Страница 2 из 79
Между тем телега взобралась на пригорок, и открылся вид на Большерецкий острог, куда и двигались телеги. До него оставалось не меньше версты, но уже можно было разглядеть его дома. Раскинулся главный камчатский городок на небольшом острове, охваченном рукавами реки. В самой середке острога – крепостица, четырехугольная, сажен в сорок сторона, с востока и с севера огороженная палисадом, но не крепким, а с провалами, с выпавшими во многих местах бревнами. Южную и западную сторону ее образовали казенные постройки. За крепостицей торчало самое высокое здешнее строение – деревянная церковка со звонницей на столбах, где под дощатым навесом висели три разновеликих колокола. Рядом – церковный амбар. Всех же обывательских домов настроено было не больше сорока, и все они стояли бестолково, кучей, потому как, кроме одной, «першпективной», других улиц острог не имел.
Обоз между тем подъезжал к Большерецку. Фурлейт растолкал уснувшего солдата, и тот в сонном столбняке начал стаскивать с себя тулуп. Оставшись в одном васильковом кафтане, которому давно, видно, минул срок, поправил шляпу и повернулся к спутникам:
– Глядите у меня! Как зачнут спрашивать, сполна ли в дороге провиант получали, убереги вас Господь жалобу нести – с вас же и взыщется! Права-то ваши ноне птичьи! То-то!

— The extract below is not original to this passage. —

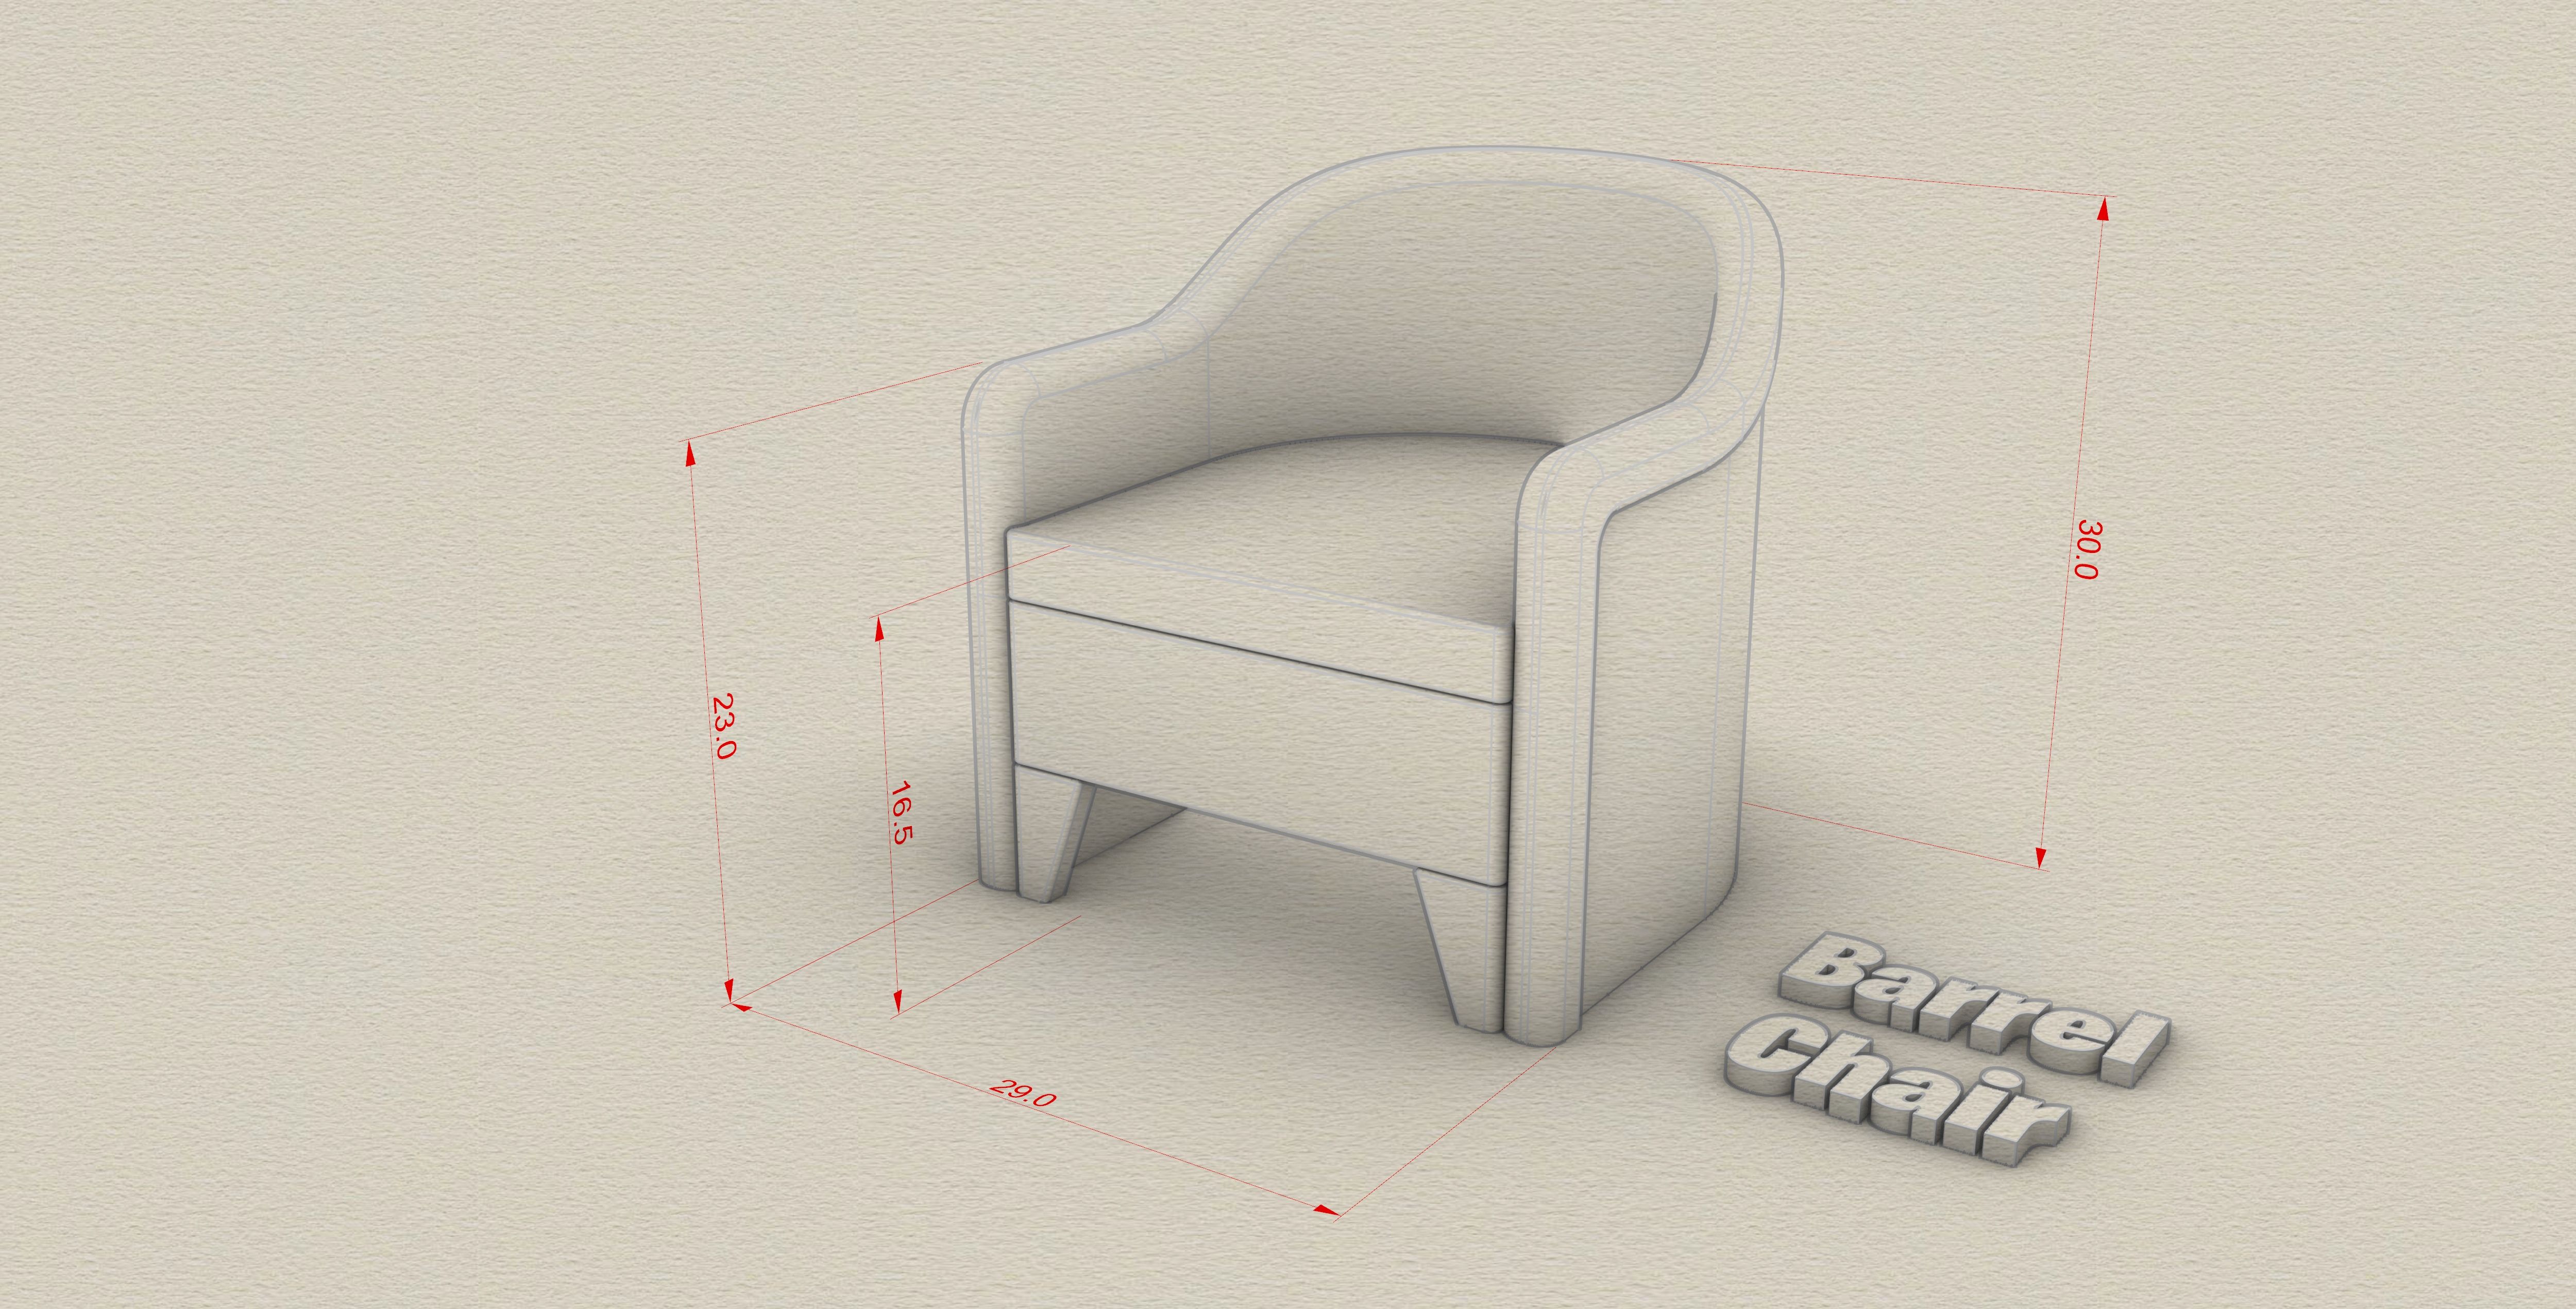 nightclub barrel chair rendering with measurements 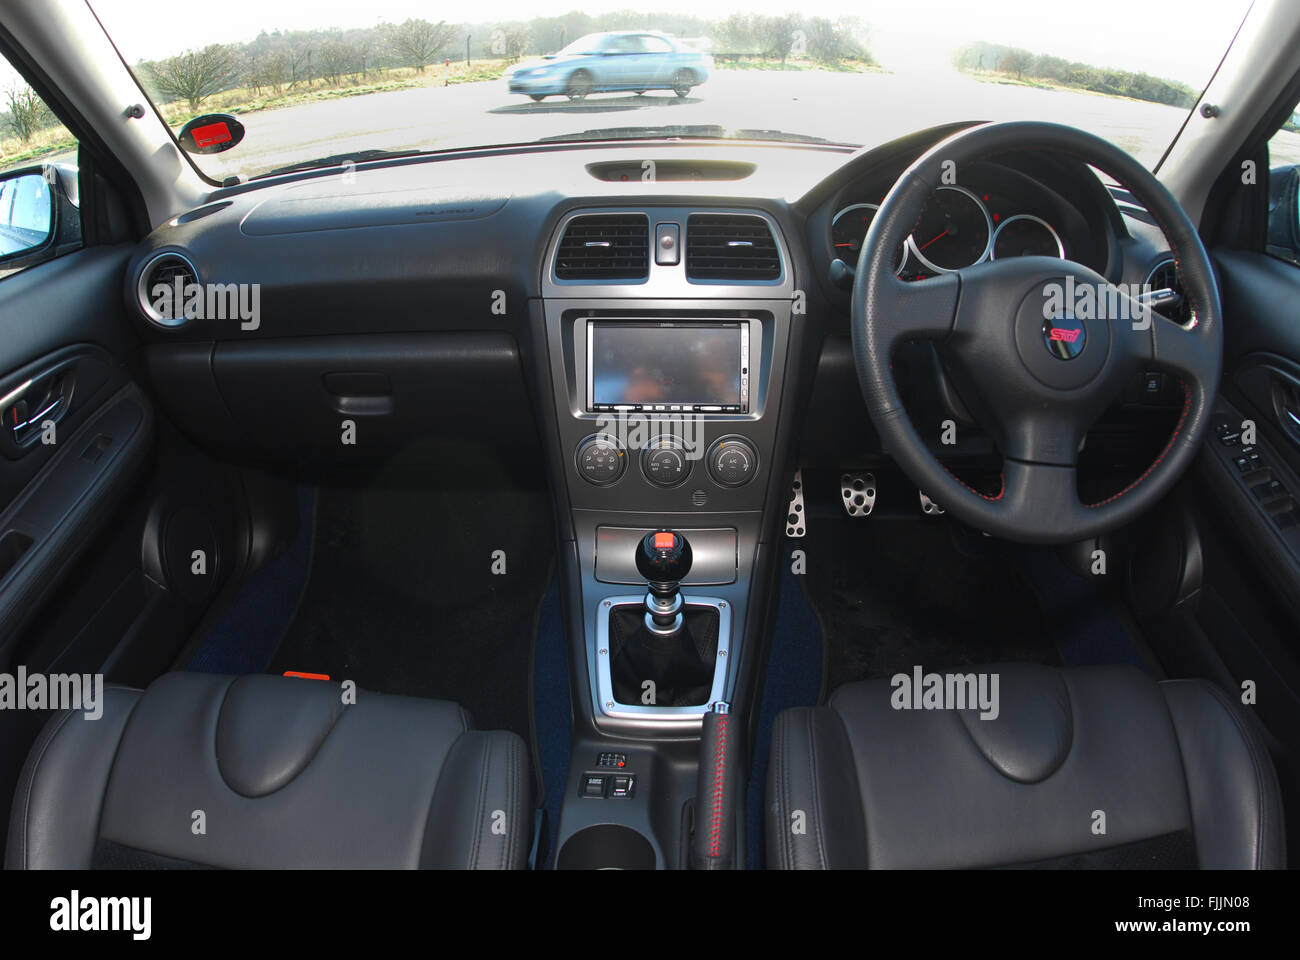 2006 RB320 special edition Subaru Impreza 4x4 sports car interior Stock Photo

Приехавшие с интересом смотрели на один из первых камчатских городов. Проехали пару домишек, где окна, узкие и низкие, затянуты были промасленной холстиной. В других домах разглядели окна поосновательней, закрытые лососиной кожей или пузырями морского зверя. Миновали аманатскую казенку, подъехали к дому, что был побогаче и почище, с окнами из прозрачной слюды, и тут увидели толпу народа, что собрался на утоптанной площадке перед домом.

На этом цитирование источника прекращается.